> What you need to do: Without any pictures, print exactly the lines that run from the start of the data through the line containing "Now restored in".

> Supplied data:
◆ ◆ ◆

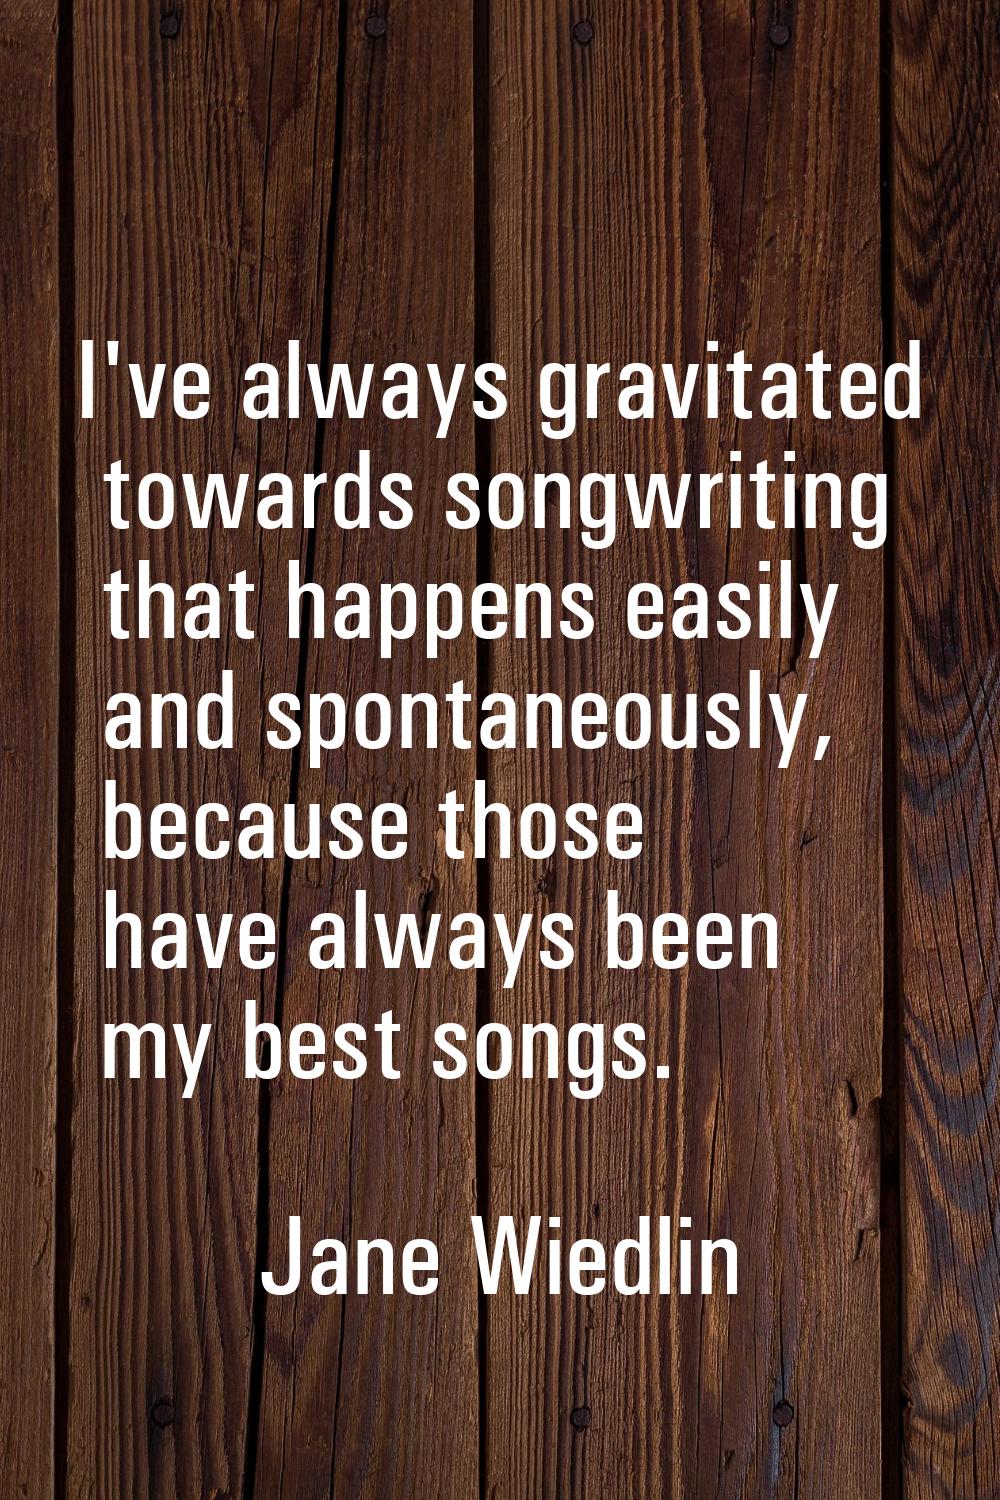 I've always gravitated towards songwriting that happens easily and spontaneously, because those hav
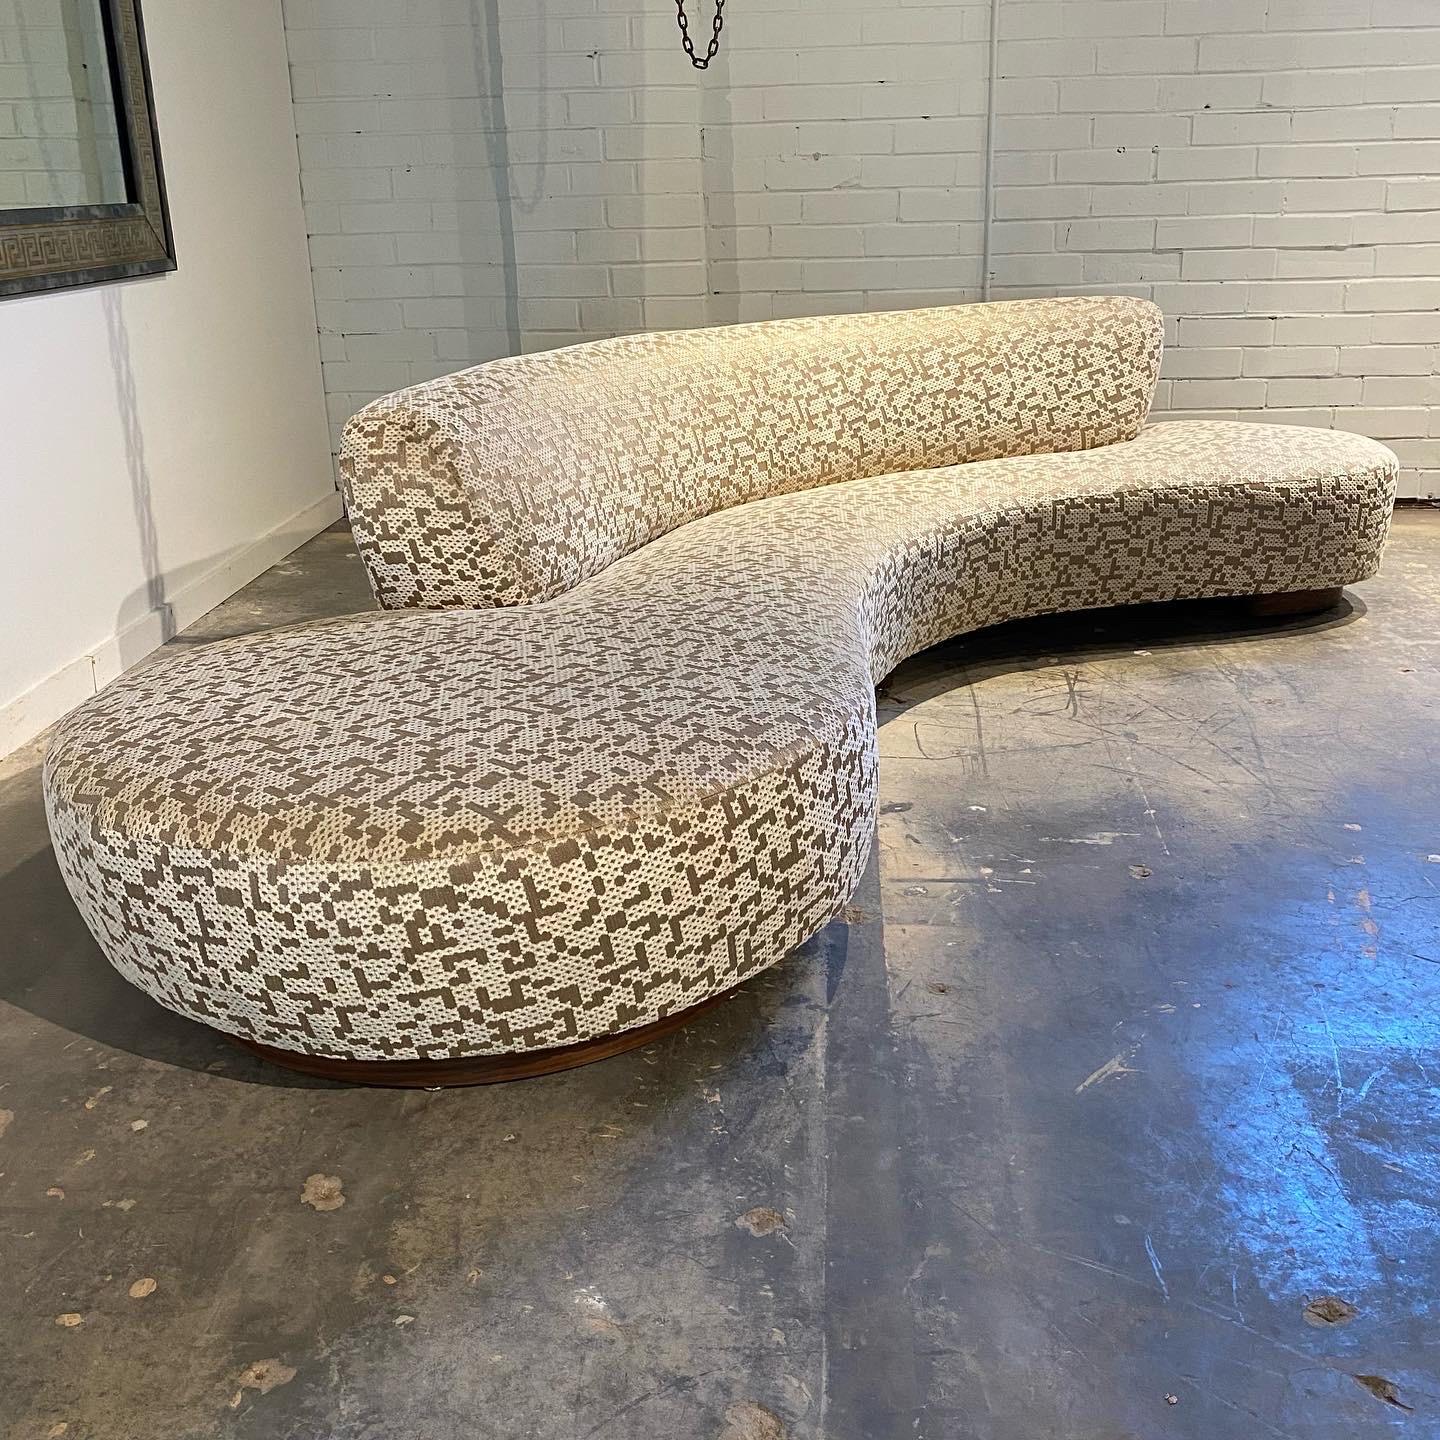 An incredible serpentine sofa from Vladimir Kagan designed in 1950. This example was originally upholstered in white leather with white lacquer bases, circa 2000. 
Now restored in a luxurious layered fabric of chenille with a handsome ground weave
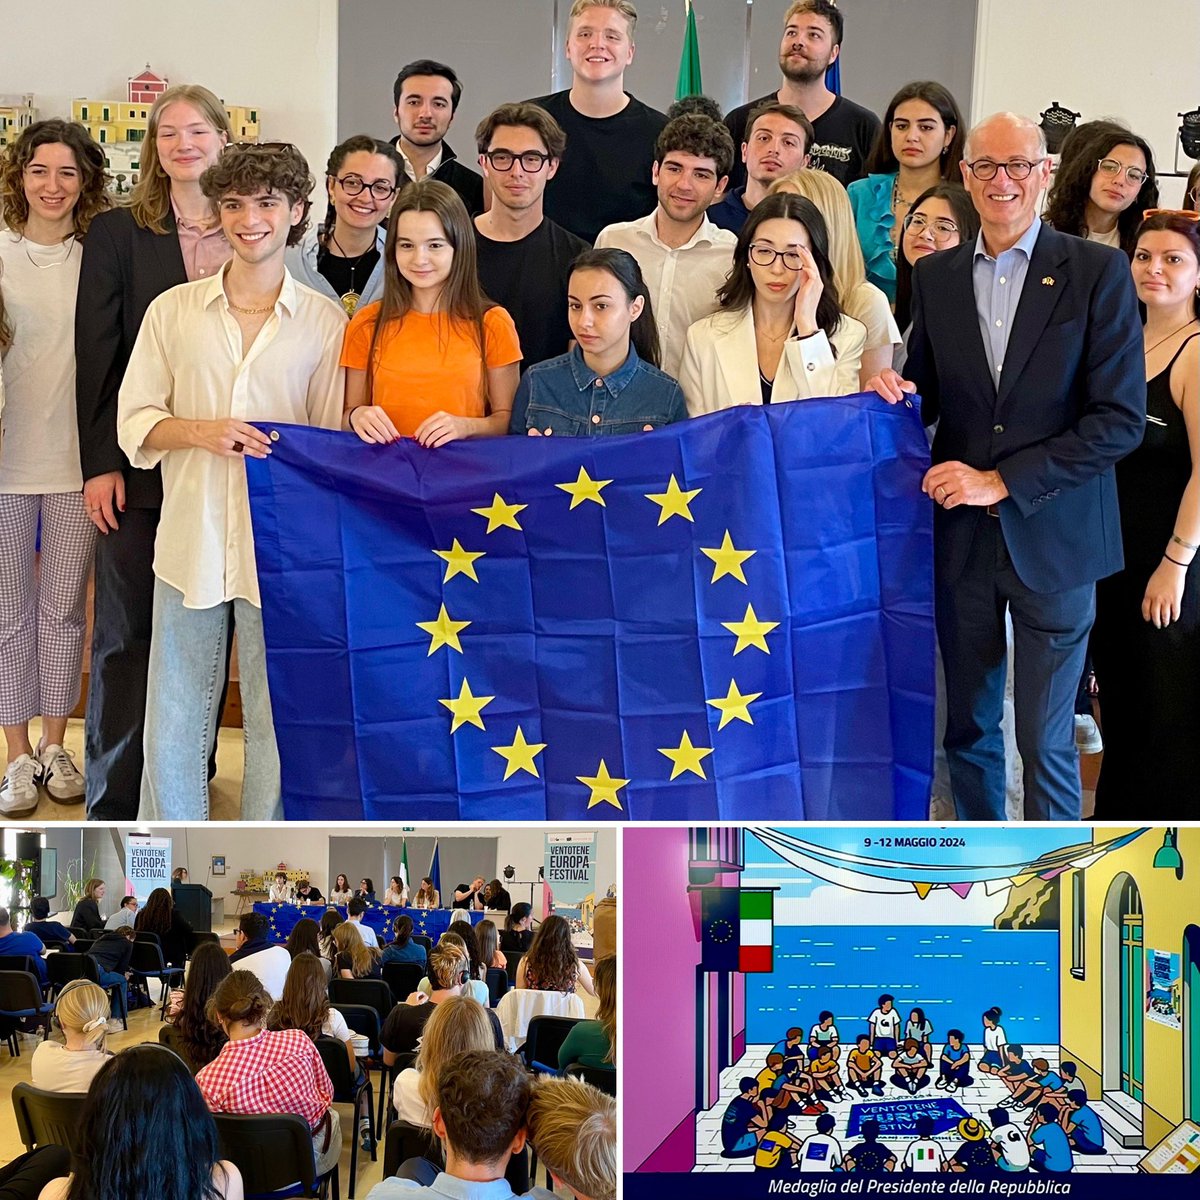 Rossi & Spinelli’s memories are alive and a source of inspiration for those who work hard to strengthen the #EuropeanUnion 🇪🇺🇧🇪 This weekend I’m in #Ventotene, representing the Belgian Presidency of the @EUCouncil, engaging with youngsters about the future of our #EU #EU2024BE

◆ ◆ ◆

> Task solution:
 I've always gravitated towards songwriting that happens easily and spontaneously, because those hav
 An incredible serpentine sofa from Vladimir Kagan designed in 1950. This example was originally upholstered in white leather with white lacquer bases, circa 2000. 
Now restored in a luxurious layered fabric of chenille with a handsome ground weave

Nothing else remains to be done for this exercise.